A kind of perturbation fluorescence Monte-Carlo Simulation Method based on voxel

Technical field

The invention belongs to mathematical simulation and biomedical engineering field, is related to a kind of perturbation fluorescence Meng Teka based on voxel Sieve analogy method.

Background technology

Most of biological tissues are the three-dimensional turbid media of high scattering, establish a high-precision and efficient calculating side Method has great significance for the quantitative accuracy of fluorescence fault imaging.Monte Carlo be it is a kind of based on random sampling procedure from Dissipate statistical methods.Other methods are compared to, DSMC can simulate random geometry, boundary condition and optics Photon transport process under parameter.Due to its wide applicability, it transports actual physics process as a simulated photons Most directly, most effective and most believable method.Thus, it becomes the goldstandard for evaluating other application-specific methods.
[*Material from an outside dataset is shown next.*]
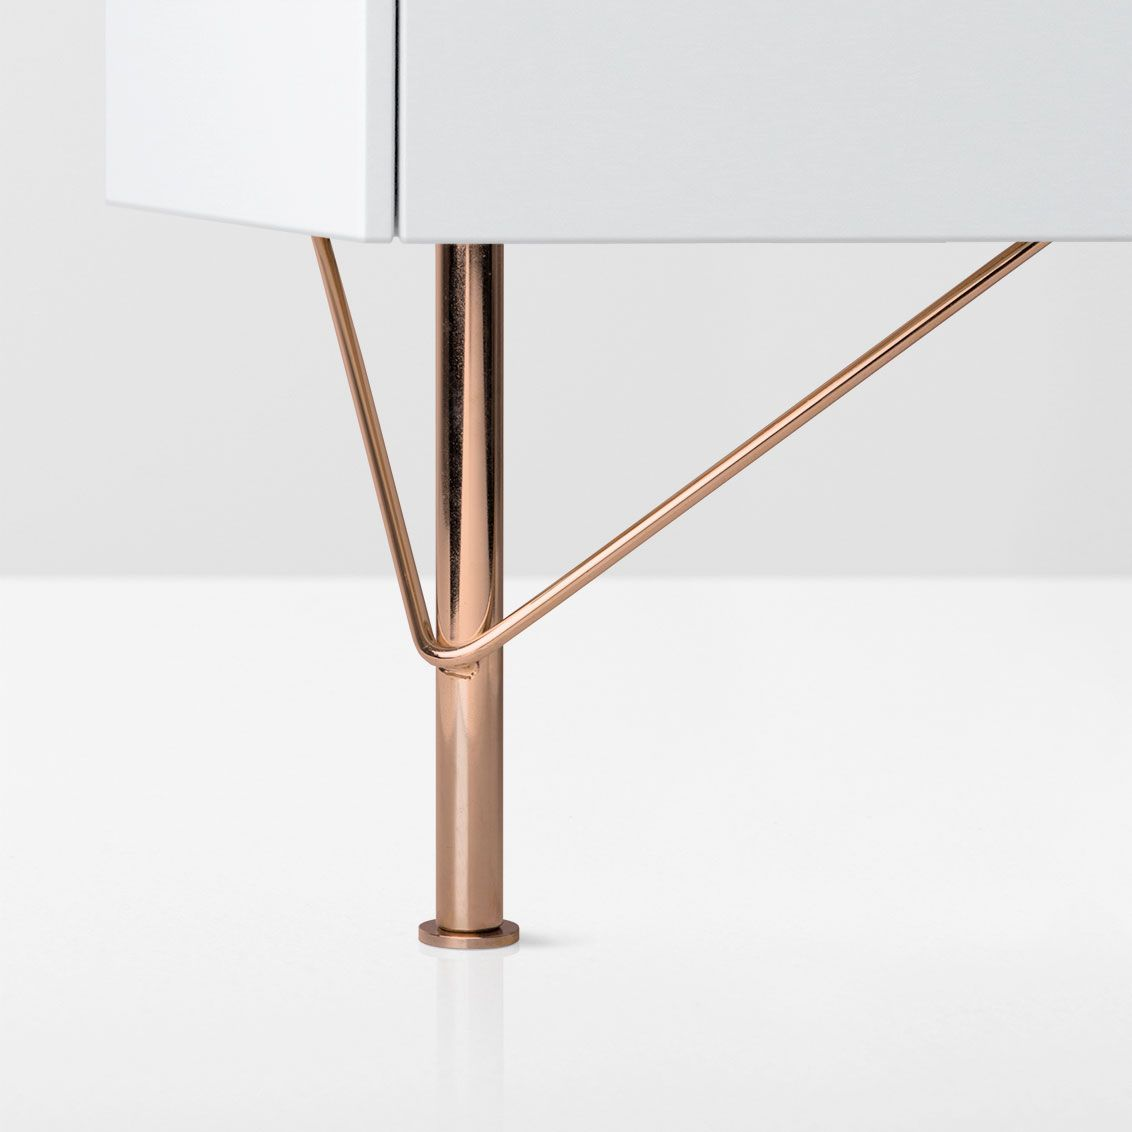 Slender Low Metal Furniture Legs Brass Furniture Legs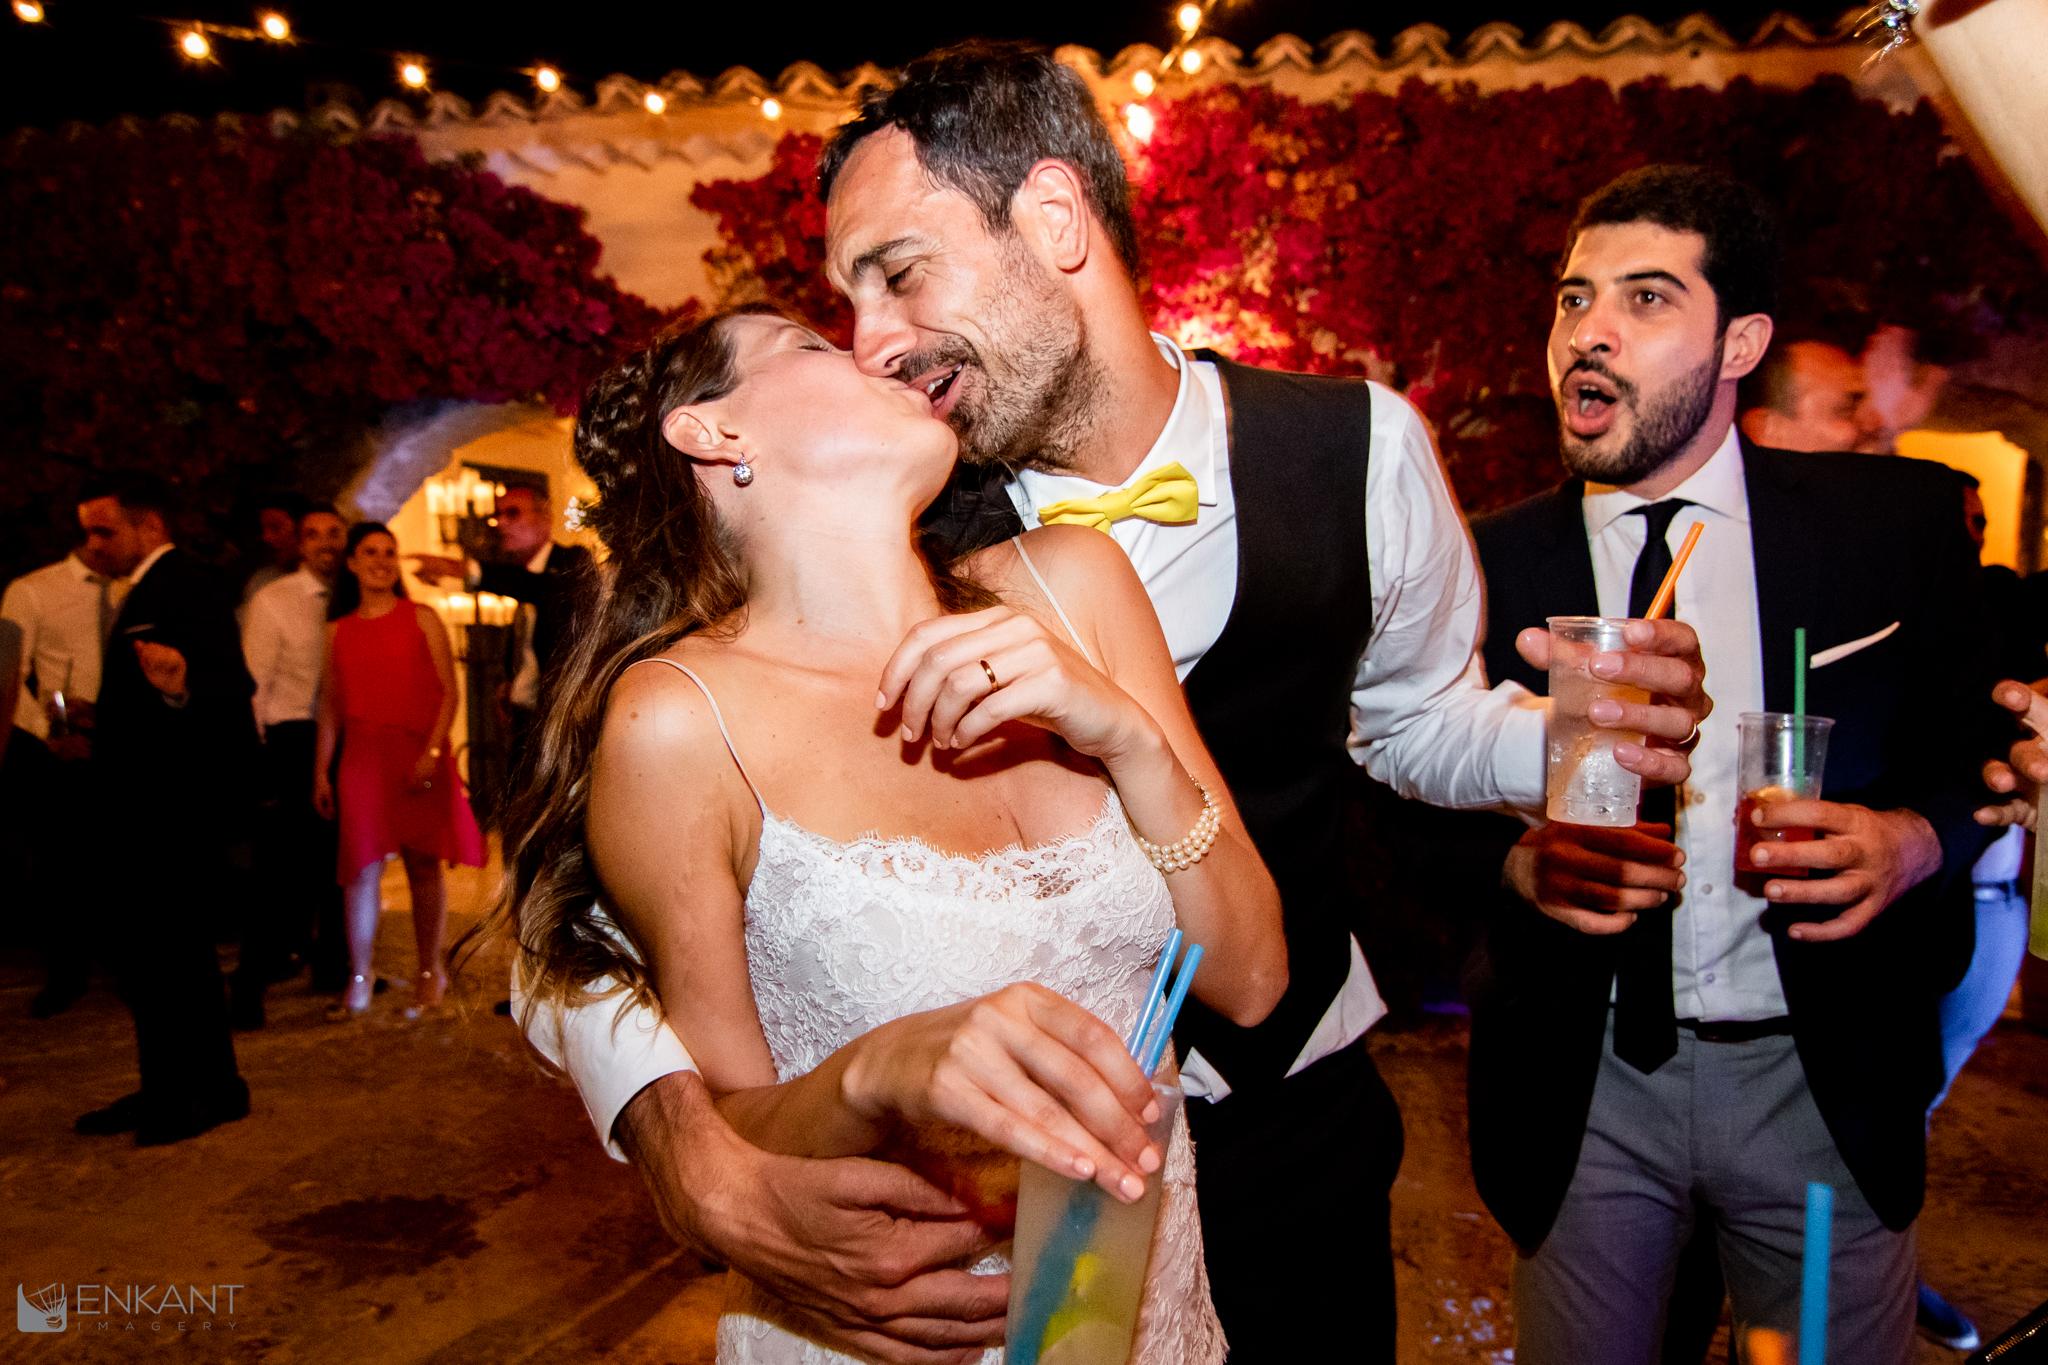 Fotografo matrimonio Sicilia - enkant Imagery-58.jpg

A.J.Welch describes the rule that fluorescence is excited and propagated in biological tissues earliest, and proposes standard fluorescence Monte Carlo Method [1].In the big stratiform turbid media of semo-infinite, the simulation result of this method has proven to accurate [2].Liebert proposes the perturbation fluorescence DSMC [3] for applying to stratiform turbid media.In fluorescence fault imaging weight In building, when fluorogen absorption coefficient changes, generally require to carry out once complete standard fluorescence Monte-Carlo Simulation to be tied Fruit, amount of calculation are often quite big；And the mechanics of biological tissue information provided by imaging means such as CT and MRI is all based on voxel 's.The method that A.J.Welch is proposed can cause larger computational burden to computer, and the method that Liebert is proposed can only fit For stratified model, above method can not fully meet the demand of fluorescence tomography rebuilding.Therefore invent one kind and utilize one The secondary Monte Carlo simulation side based on voxel for calculating the photon path information preserved and carrying out fluorescence weight on direct calculating detector Method, the time can be greatlyd save, and meet this demand.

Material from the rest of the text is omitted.